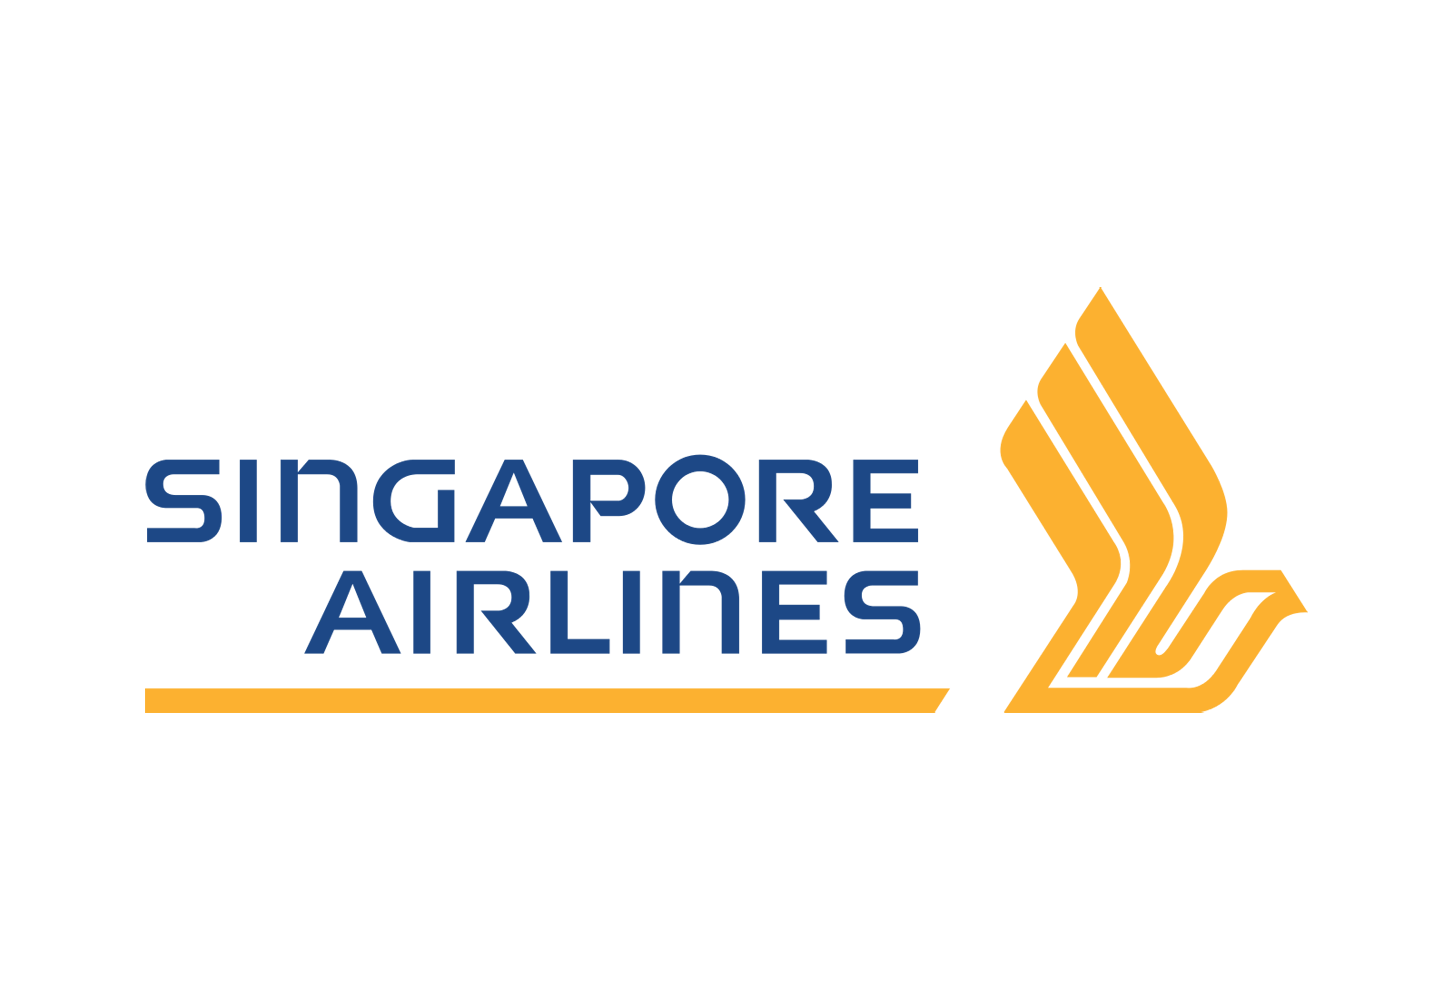 Singapore Airlines Logo Vecto
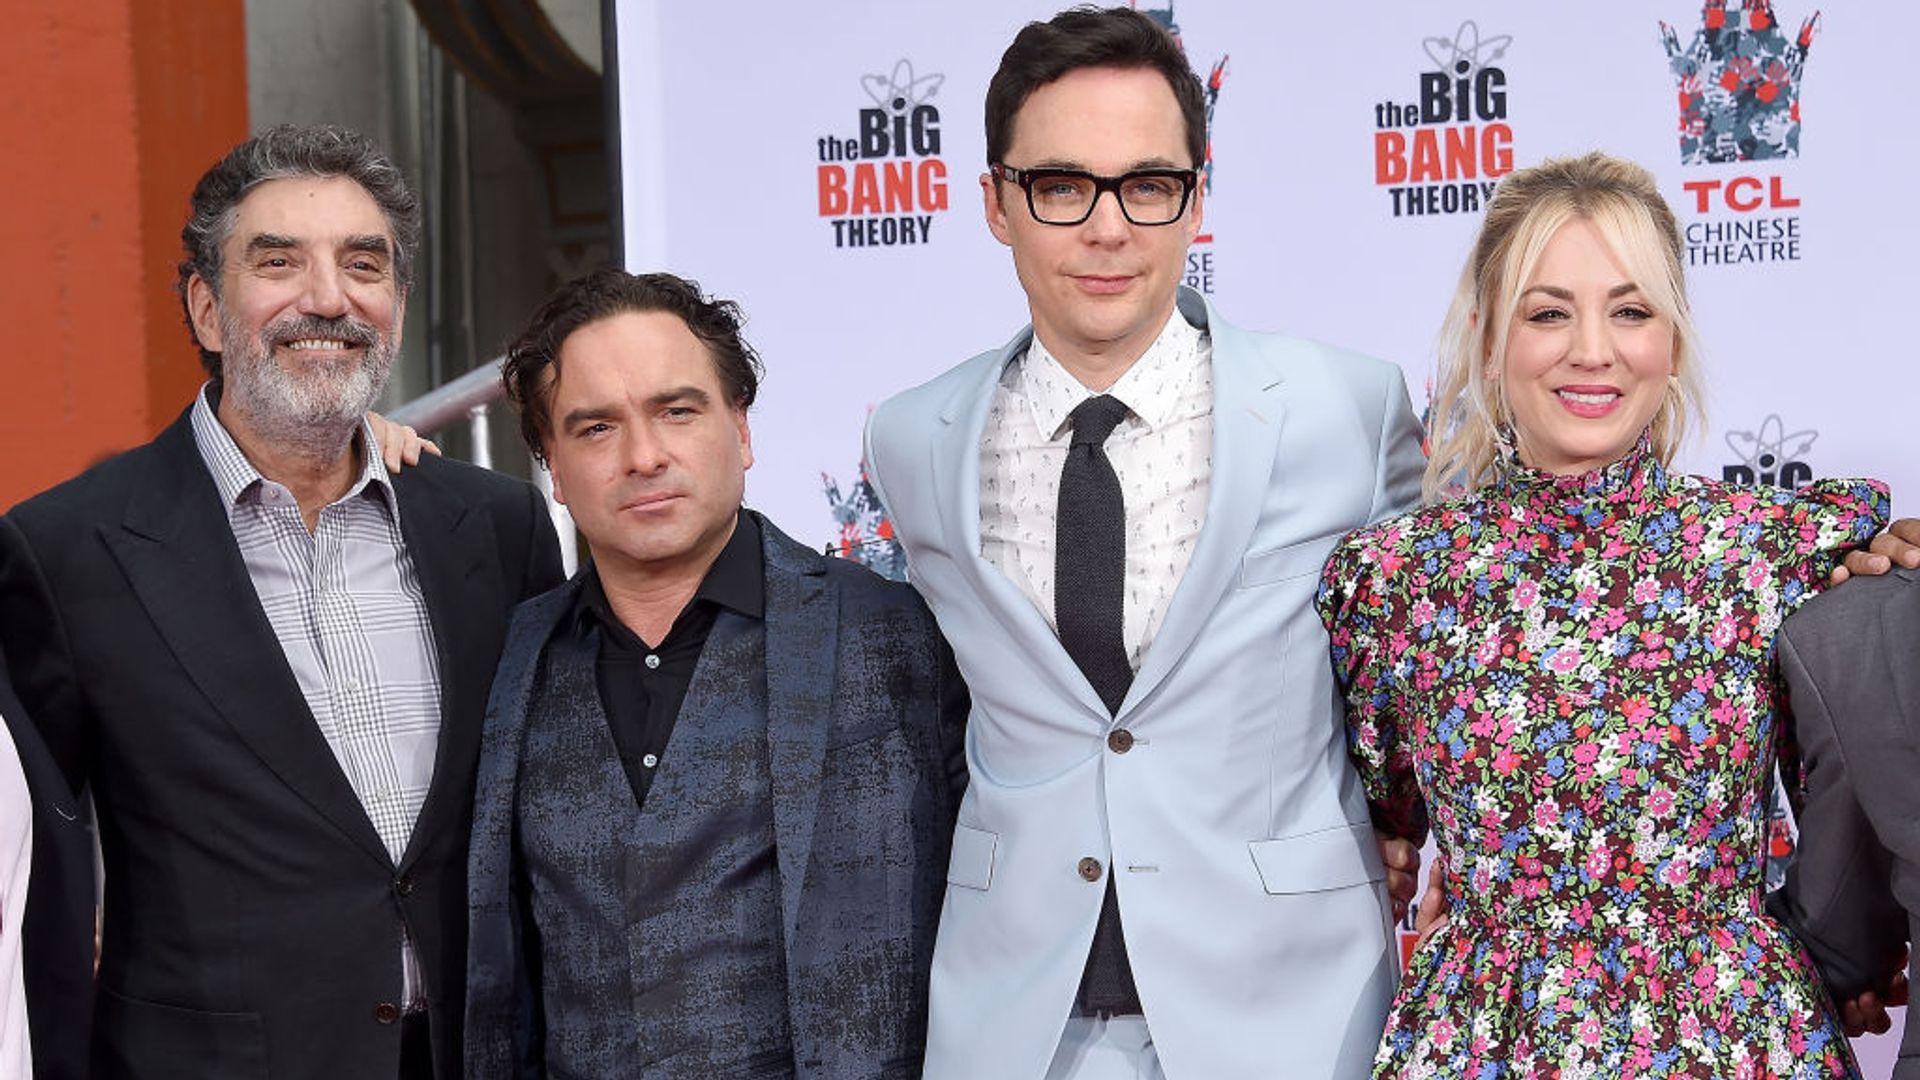 Chuck Lorre, Johnny Galecki, Jim Parsons, and Kaley Cuoco of The Cast Of "The Big Bang Theory" Place Their Handprints In The Cement At The TCL Chinese Theatre IMAX Forecourt on May 1, 2019
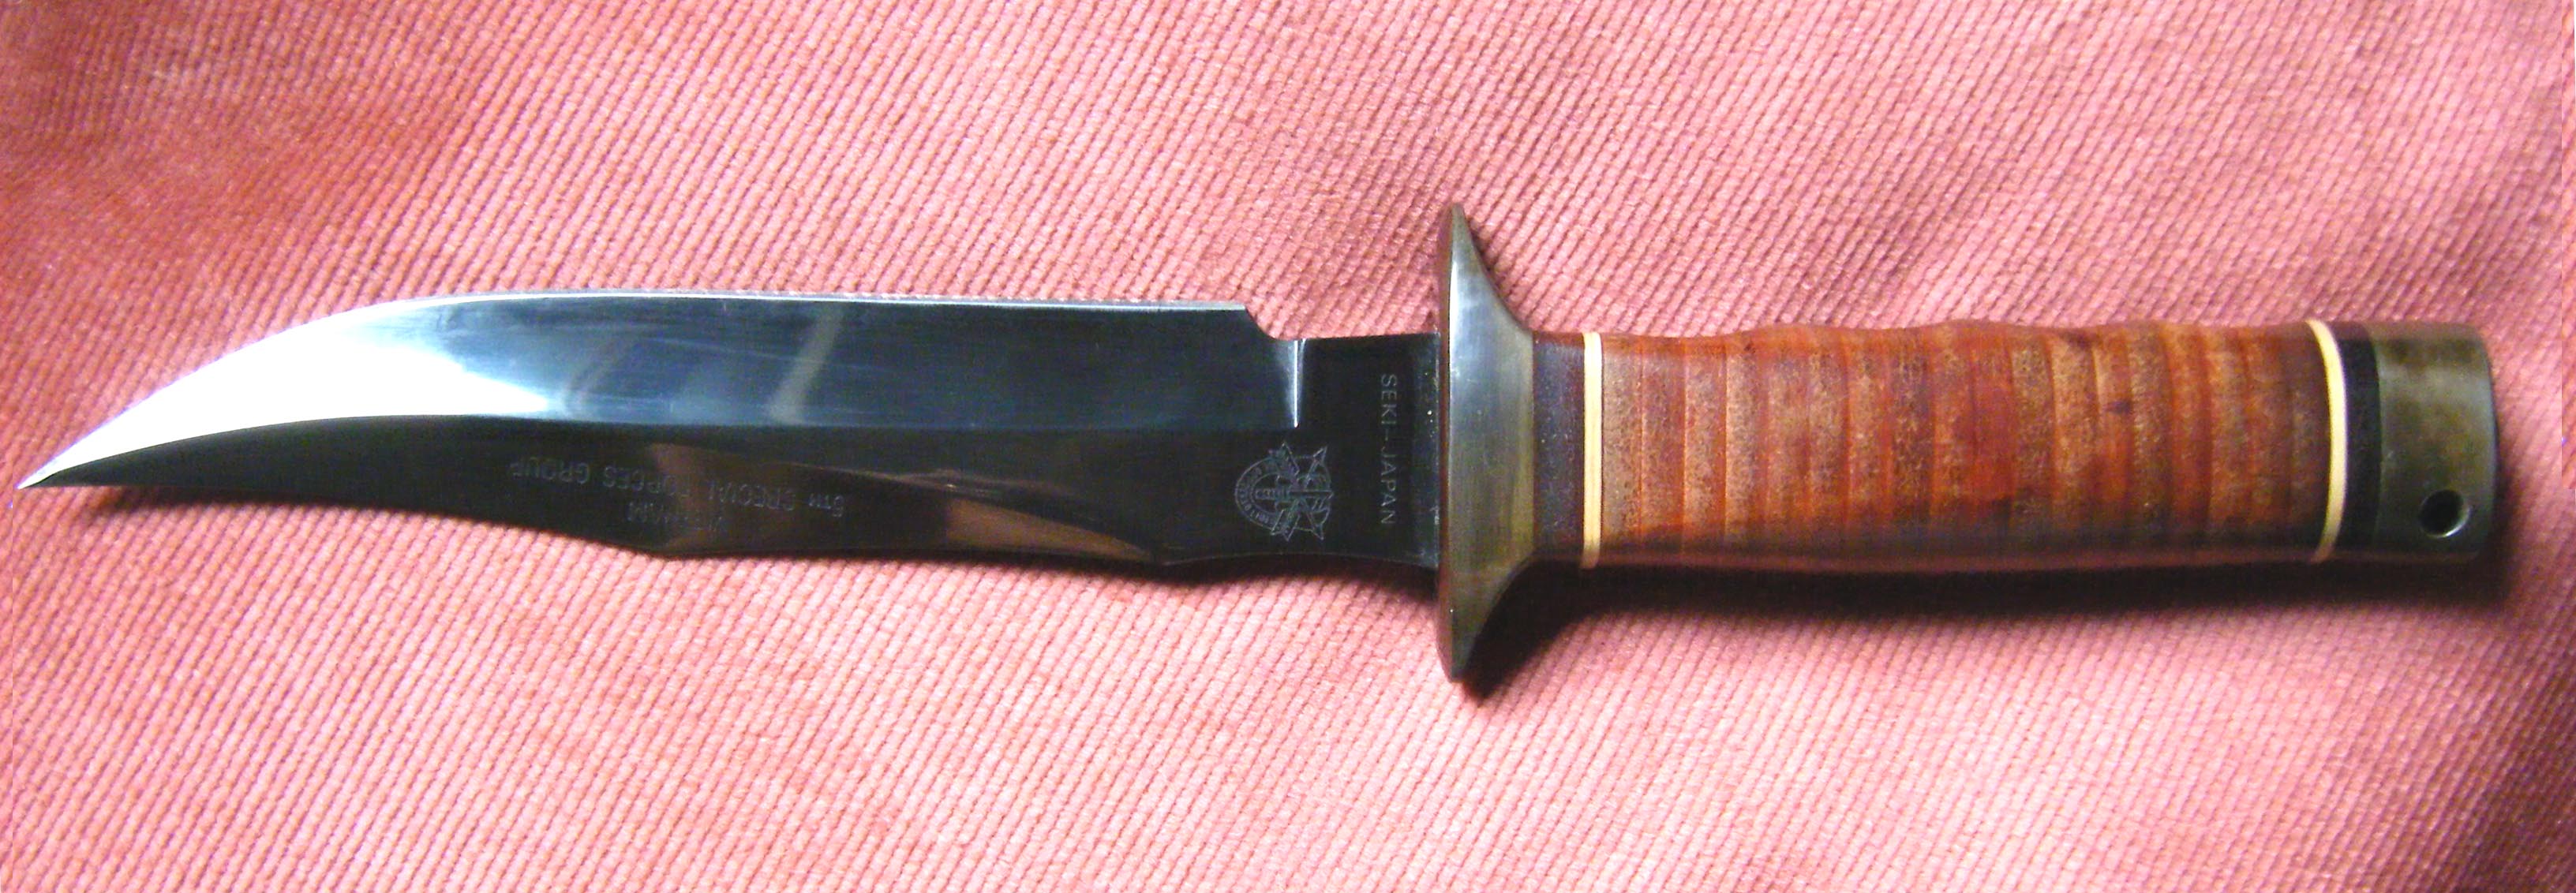 Well-aged S1 Bowie with tarnished guard. (Photo:"Ricce")
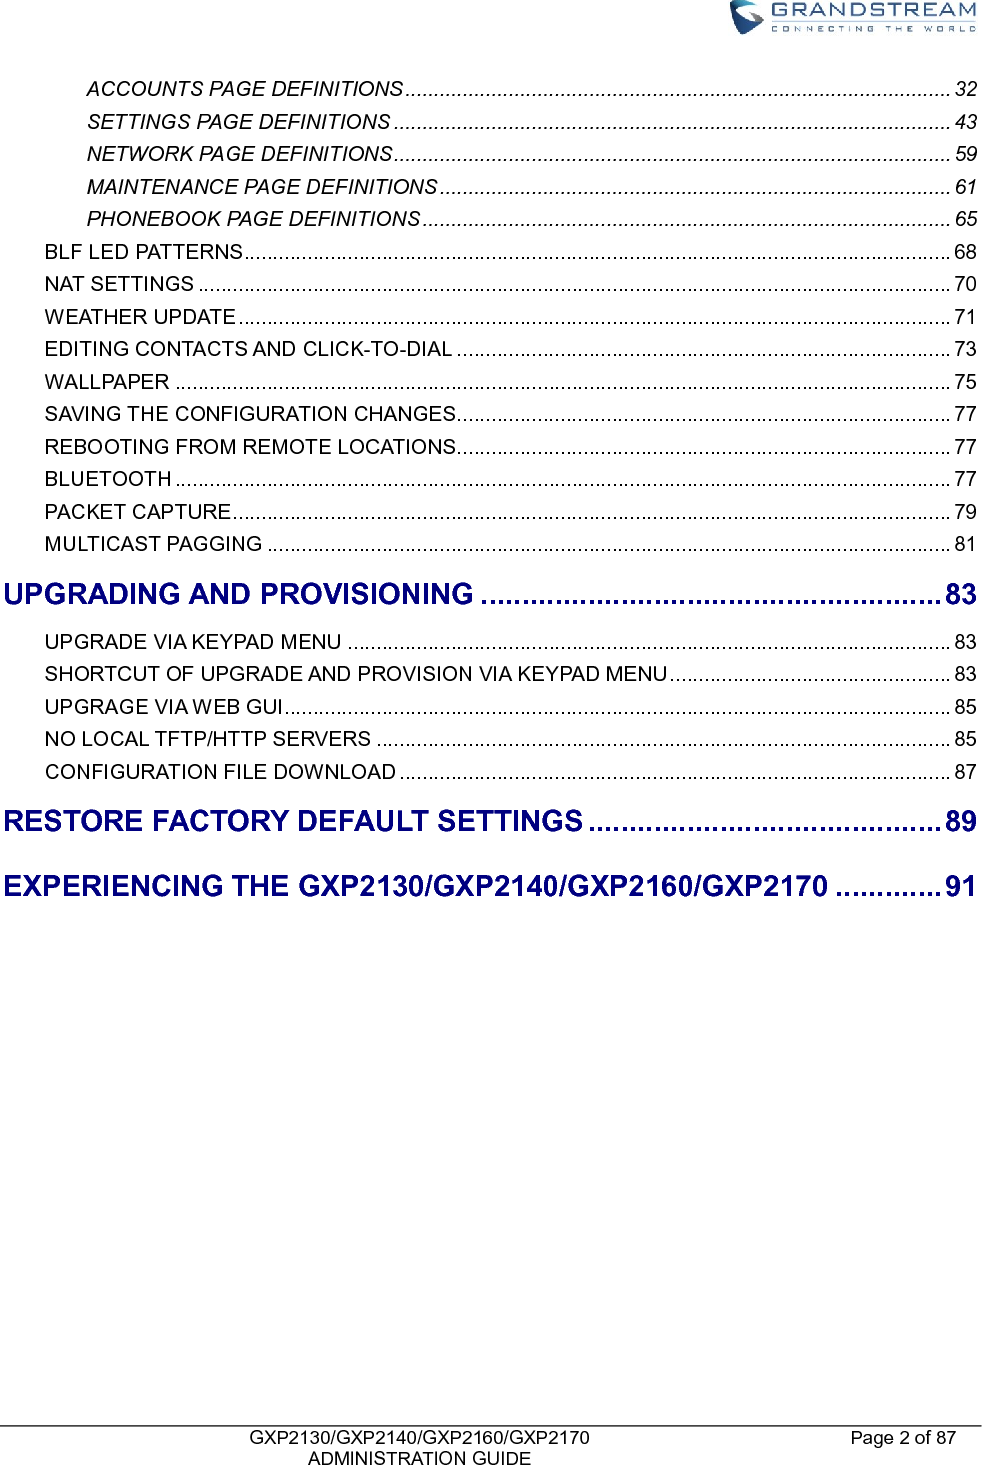    GXP2130/GXP2140/GXP2160/GXP2170   ADMINISTRATION GUIDE Page 2 of 87     ACCOUNTS PAGE DEFINITIONS ............................................................................................... 32 SETTINGS PAGE DEFINITIONS ................................................................................................. 43 NETWORK PAGE DEFINITIONS ................................................................................................. 59 MAINTENANCE PAGE DEFINITIONS ......................................................................................... 61 PHONEBOOK PAGE DEFINITIONS ............................................................................................ 65 BLF LED PATTERNS ........................................................................................................................... 68 NAT SETTINGS ................................................................................................................................... 70 WEATHER UPDATE ............................................................................................................................ 71 EDITING CONTACTS AND CLICK-TO-DIAL ...................................................................................... 73 WALLPAPER ....................................................................................................................................... 75 SAVING THE CONFIGURATION CHANGES...................................................................................... 77 REBOOTING FROM REMOTE LOCATIONS ...................................................................................... 77 BLUETOOTH ....................................................................................................................................... 77 PACKET CAPTURE ............................................................................................................................. 79 MULTICAST PAGGING ....................................................................................................................... 81 UPGRADING AND PROVISIONING ........................................................ 83 UPGRADE VIA KEYPAD MENU ......................................................................................................... 83 SHORTCUT OF UPGRADE AND PROVISION VIA KEYPAD MENU ................................................. 83 UPGRAGE VIA WEB GUI .................................................................................................................... 85 NO LOCAL TFTP/HTTP SERVERS .................................................................................................... 85 CONFIGURATION FILE DOWNLOAD ................................................................................................ 87 RESTORE FACTORY DEFAULT SETTINGS ........................................... 89 EXPERIENCING THE GXP2130/GXP2140/GXP2160/GXP2170 ............. 91

________________________

ACTION ITEM
Nothing but the lines from the beginning of the material above through the line containing "Well-aged S1 Bowie" should appear in the answer, copied exactly and free of pictures.

RESPONSE TO THE EXERCISE
 Singapore Airlines Logo Vecto
 Chuck Lorre, Johnny Galecki, Jim Parsons, and Kaley Cuoco of The Cast Of "The Big Bang Theory" Place Their Handprints In The Cement At The TCL Chinese Theatre IMAX Forecourt on May 1, 2019
 Well-aged S1 Bowie with tarnished guard. (Photo:"Ricce")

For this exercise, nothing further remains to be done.